Мои конвоиры, ни слова не говоря, развернулись и дружно потопали в сторону лестницы, ведущей наверх, а я, скромно встав в уголок, прислушался к рассказу гимназиста.
Этого парня я знал, мы с ним поцапались в аптеке на Невском, когда он приревновал меня к своей барышне. А сейчас он с жаром рассказывал внимательным слушателем, как он, возглавляя группу товарищей, таких же молодых, но хватки, революционеров, штурмом брали гнездо немецких шпионов.

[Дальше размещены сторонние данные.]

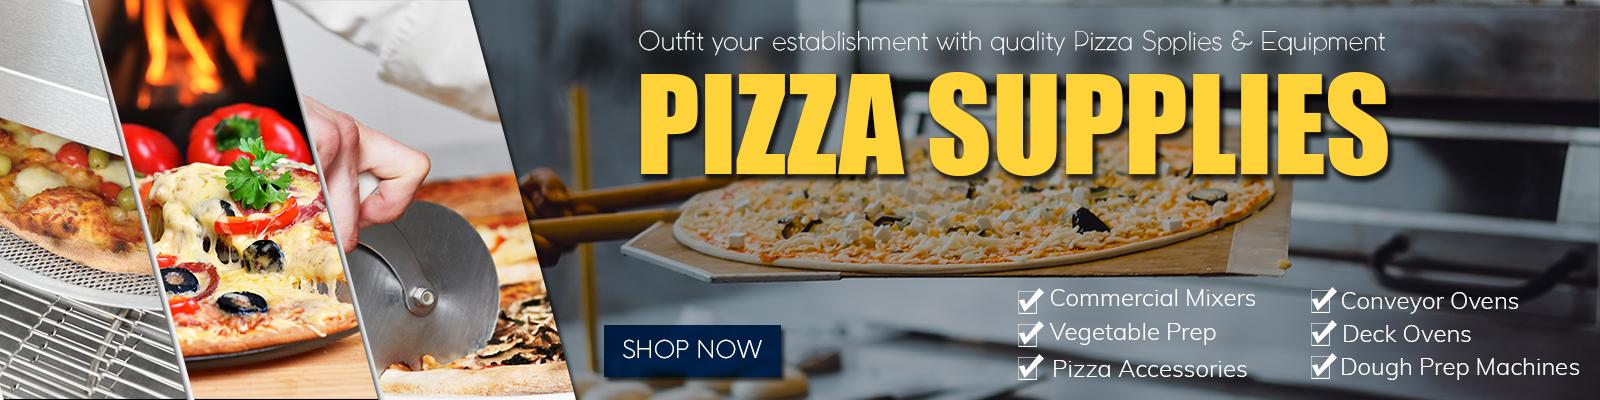 Pizza Equipment Supplies Vancouver, Restaurant Equipment

Когда количество убитых лично рассказчиком шпионов превысило десяток, я не выдержал:
– А Акулину вы куда дели, тоже застрелили?
– Как-как- какую Акулину? — Гимназист ошарашенно уставился на меня.
– Ну, когда я двух немецких шпионов убил в кухне этой квартиры, то отправил горничная Акулину запиской за помощью, что, мол, все шпионы умерли, а немецкий резидент ранен и ему нужен доктор. Вы куда после этого девку дели, лишенцы?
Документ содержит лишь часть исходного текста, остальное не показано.